YOUR GOAL: Transcribe the data below verbatim from the line with "K18 ブラウンダイヤモンド リング" to the line with "İstanbul Sokakları'nın ilk". Include both of those lines.
===== GIVEN RECORDS
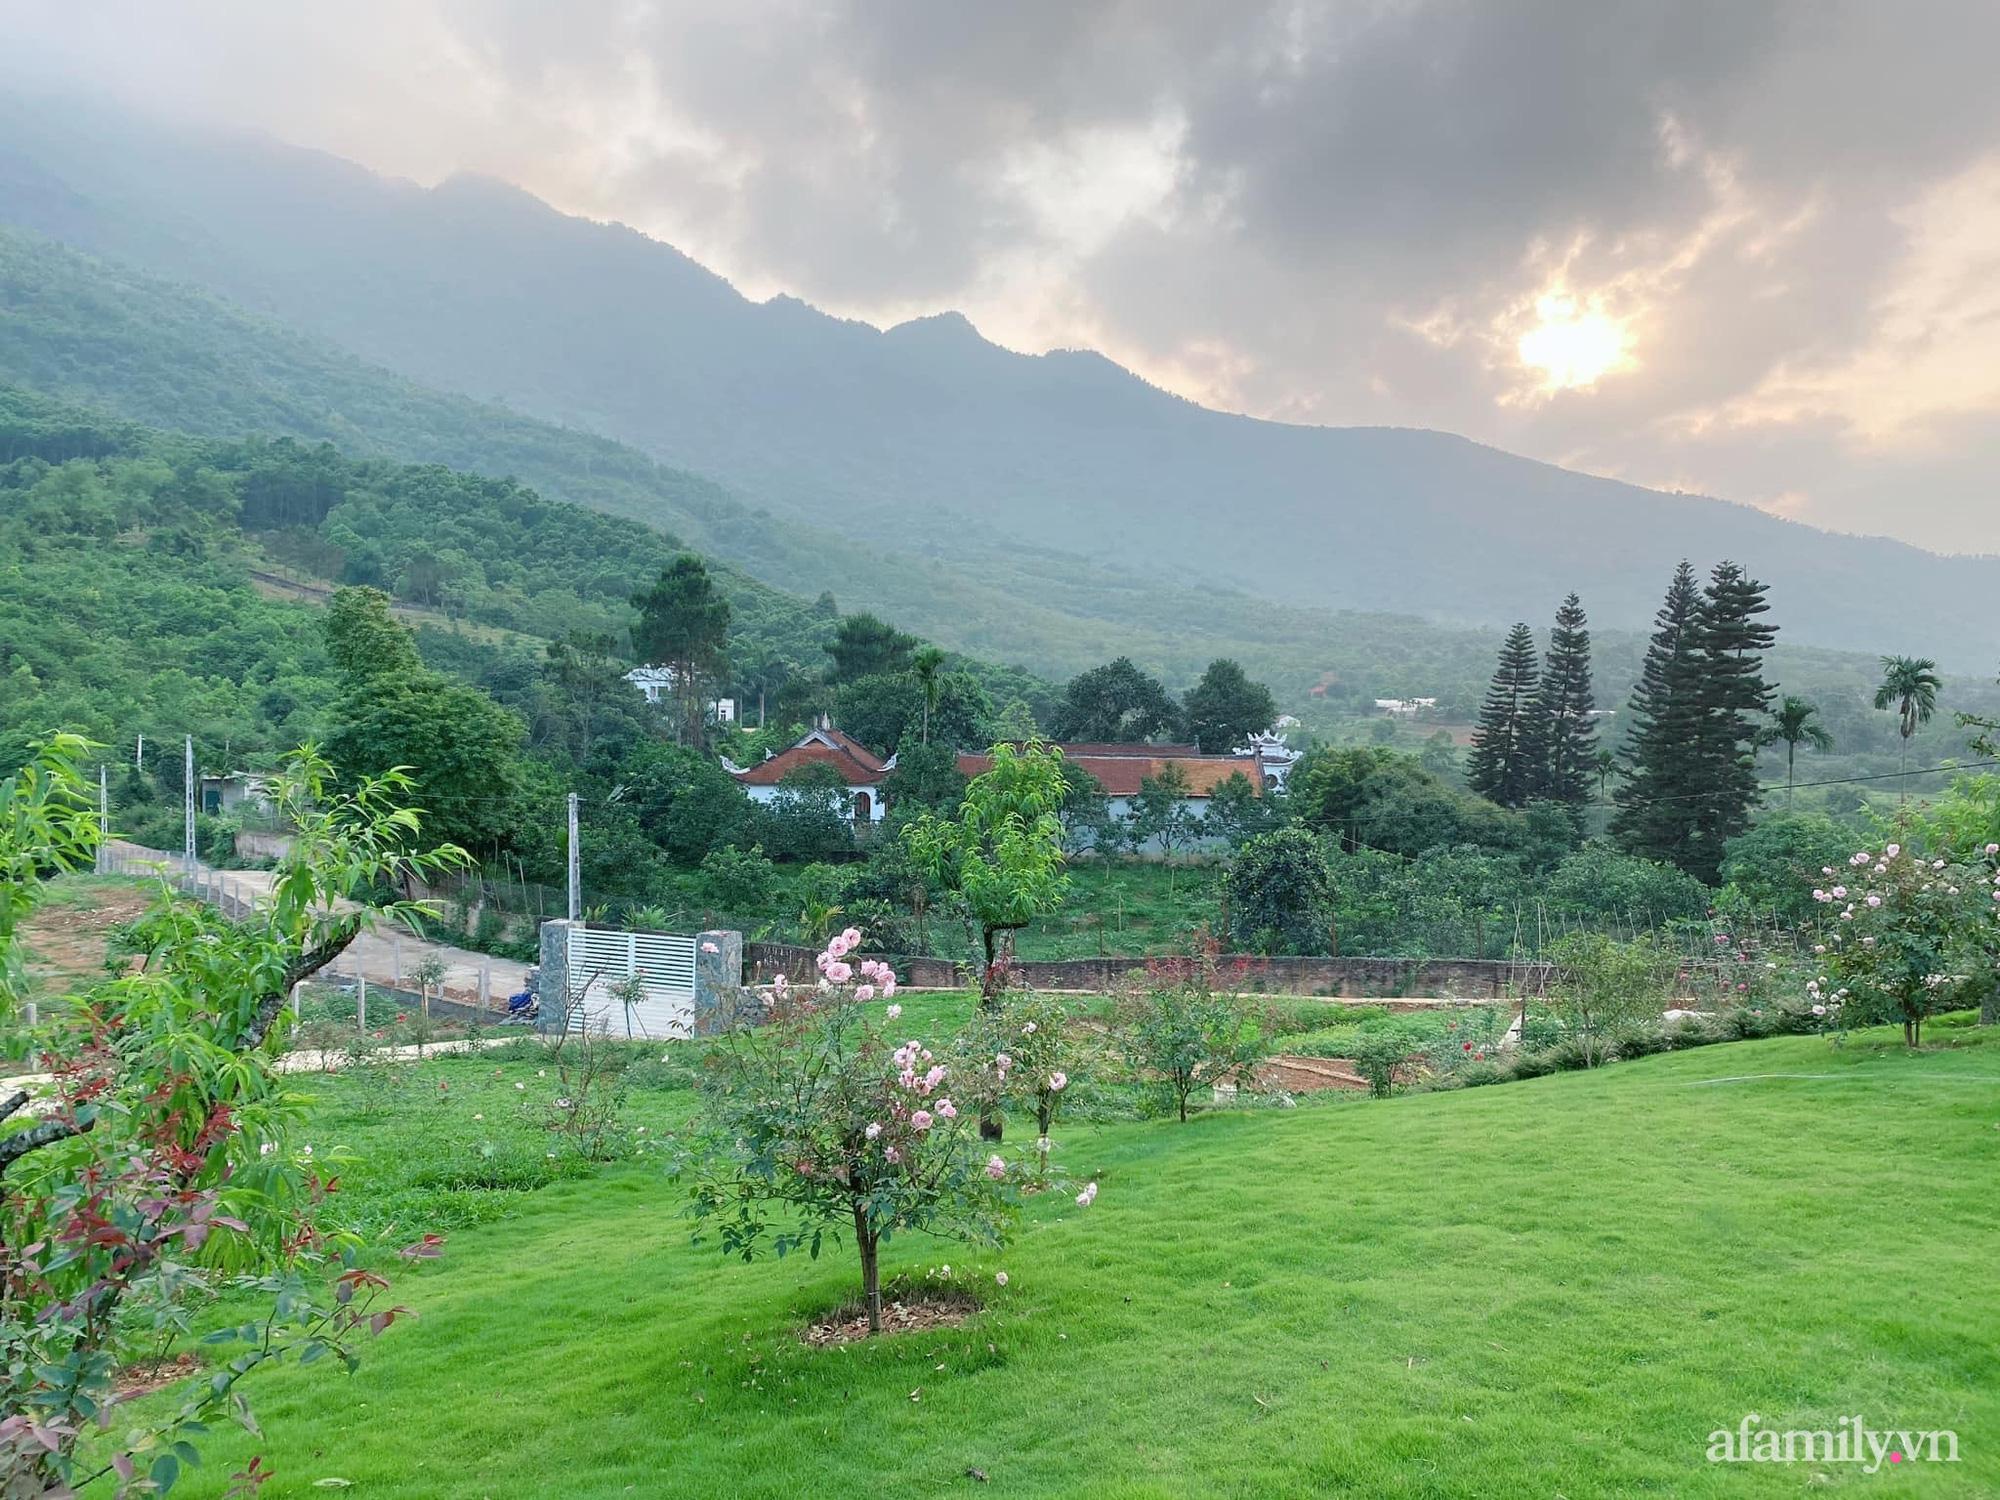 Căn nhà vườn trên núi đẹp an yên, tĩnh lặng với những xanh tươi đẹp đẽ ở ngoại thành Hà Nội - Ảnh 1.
==========
===== GIVEN RECORDS
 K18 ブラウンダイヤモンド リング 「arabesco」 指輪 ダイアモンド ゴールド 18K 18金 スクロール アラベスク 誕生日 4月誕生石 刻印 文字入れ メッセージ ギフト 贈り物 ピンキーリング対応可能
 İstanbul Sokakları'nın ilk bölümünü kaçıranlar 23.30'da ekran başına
==========
ANSWER SPACE:
 K18 ブラウンダイヤモンド リング 「arabesco」 指輪 ダイアモンド ゴールド 18K 18金 スクロール アラベスク 誕生日 4月誕生石 刻印 文字入れ メッセージ ギフト 贈り物 ピンキーリング対応可能
 İstanbul Sokakları'nın ilk bölümünü kaçıranlar 23.30'da ekran başına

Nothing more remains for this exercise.